疲れが取れないのはミトコンドリア不足のサイン?|さいたま市の鍼灸師が解説

疲れが取れないのはミトコンドリア不足のサイン?|
さいたま市の鍼灸師が解説
「ミトコンドリアを増やすと若返る」——一時期、テレビや健康本でそんな話題をよく見かけましたよね。実はこのミトコンドリア、若返りうんぬんの前に、私たちが毎日を元気に過ごすための「エネルギーを作る仕組み」そのものを担っている、とても身近な存在なんです。
朝から体が重い、寝ても疲れが抜けない——健康診断では「異常なし」なのに、そんな感覚がずっと続いていませんか。
疲れは年齢のせいだけではなく、細胞の中でエネルギー(ATP)を作る「ミトコンドリア」がうまく働いていないことも関係しています。ミトコンドリアがエネルギーを作るには、鉄・マグネシウム・ビタミンB群などの栄養素が欠かせません。何を食べるかだけでなく、「エネルギーを作る材料が揃っているか」という視点を持つことが、疲れやすさと付き合っていくヒントになります。
ミトコンドリアって何?
ミトコンドリアとは、細胞の中にある小さな器官で、食べたものと呼吸で取り込んだ酸素を使って、体を動かすためのエネルギー(ATP)を作り出す働きを担っています。以前、「ミトコンドリアを増やせば若返る」といった書籍やテレビ番組が話題になったことがありましたが、これはミトコンドリアの働きが老化や疲れやすさと深く関わっていることが分かってきたためです。いわば体の中にある「発電所」のような存在で、1つの細胞に数百〜数千個も存在し、休むことなく働き続けています。

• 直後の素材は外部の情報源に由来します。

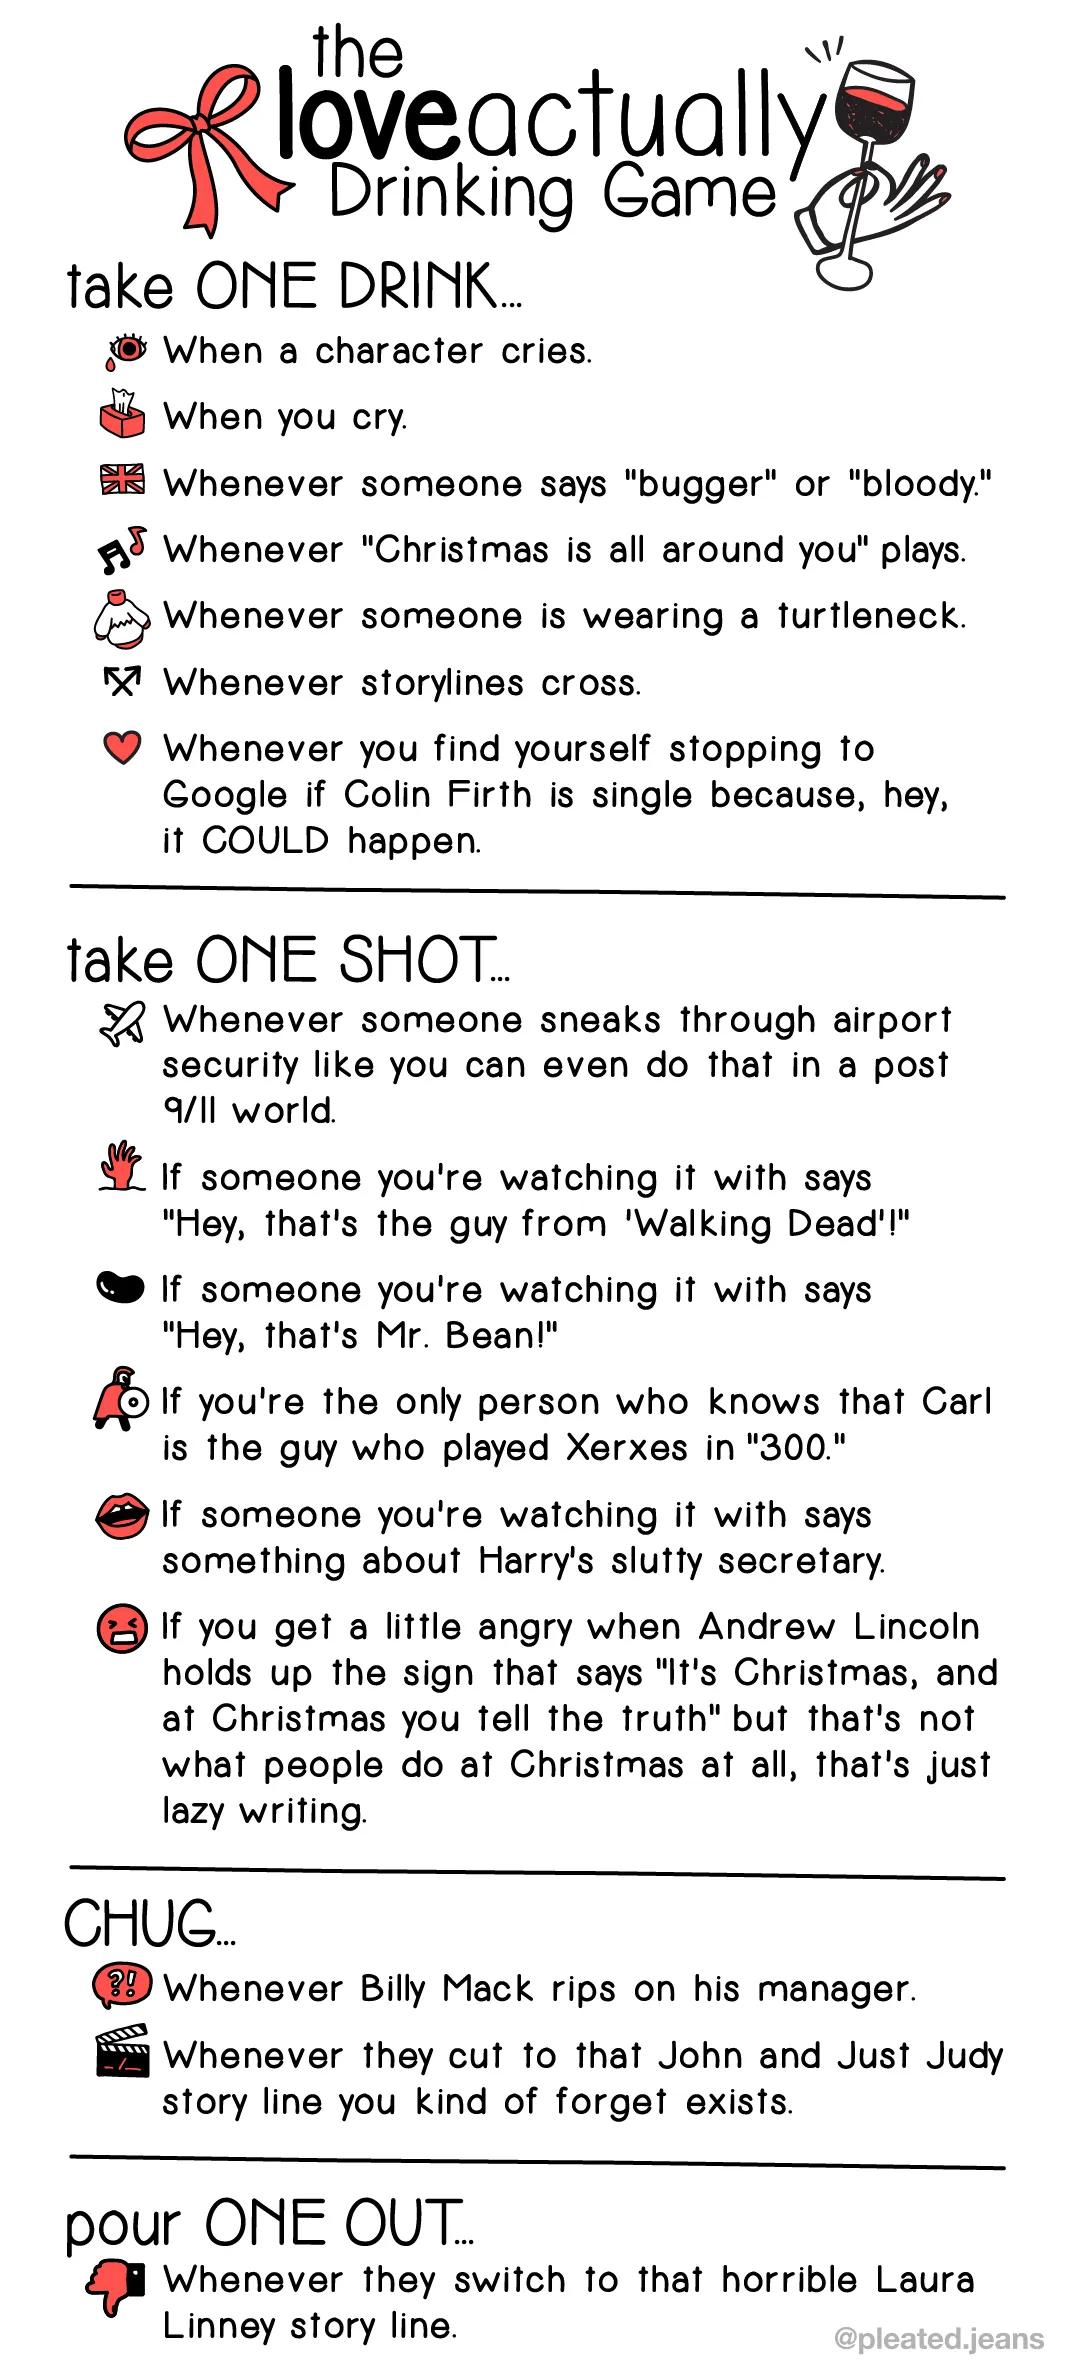 Love Actually (the drinking game)

心臓や筋肉、脳など、エネルギーをたくさん使う臓器ほどミトコンドリアの数が多いことが分かっています。逆にいえば、ミトコンドリアの働きが落ちると、体のあらゆる場所で「エネルギー不足」のサインが出やすくなります。
「食べているのに元気が出ない」のはなぜ?
エネルギー(ATP)は、食べたものをそのまま使っているわけではなく、体の中で何段階もの化学反応を経て作られています。この反応の一つひとつに、鉄・マグネシウム・ビタミンB群といった栄養素が「補助役」として関わっており、これらが不足すると、カロリーは足りていてもエネルギーへの変換がスムーズに進みにくくなると考えられています。
たとえば鉄は、エネルギーを作る最終段階で酸素を受け渡す役割を担っており、貧血気味の方が疲れやすいのはこのためとも言われています。関連記事:「貧血ではない」と言われたのに続くその不調もあわせてご覧ください。
疲れやすさの背景には何がある?
ミトコンドリアの働きは、食事だけでなく日々の生活習慣にも左右されます。
- 睡眠不足や睡眠の質の低下(回復・修復の時間が足りない)
- 慢性的なストレス(エネルギーの消耗が増える)
- 丼もの系や外食が多いなど、栄養バランスが偏りやすい食べ方
- 加齢に伴う、エネルギーを作る力そのものの低下
今日からできること
ミトコンドリアが働くための材料は、特別な食品ではなく、普段の食事の中で意識できるものばかりです。
- 魚(鉄・オメガ3・良質なタンパク質)を意識して取り入れる
- 卵・大豆製品(タンパク質・ビタミンB群)を毎食に少しずつ
- 色の濃い野菜や果物(ビタミンC・抗酸化成分)を彩りよく
- ナッツ類・海藻・豆類(マグネシウム・ミネラル)を間食や副菜に
- 未精製の穀物(玄米・全粒粉など)でビタミンB群・ミネラルを補う
- 関連記事:疲れが取れないのはタンパク質不足のサイン?
- 関連記事:ご飯を食べても疲れが取れない理由とは?
よくある質問
まとめ
- 疲れは年齢だけでなく、エネルギーを作る仕組み(ミトコンドリア)の働きも関係している
- エネルギー産生には鉄・マグネシウム・ビタミンB群などの栄養素が欠かせない
- 特別な食品ではなく、魚・卵・野菜・ナッツ・未精製穀物など、普段の食事の質を見直すことが第一歩
「もう年齢だから」と諦める前に、まずは体がエネルギーを作りやすい状態を整えることから始めてみませんか。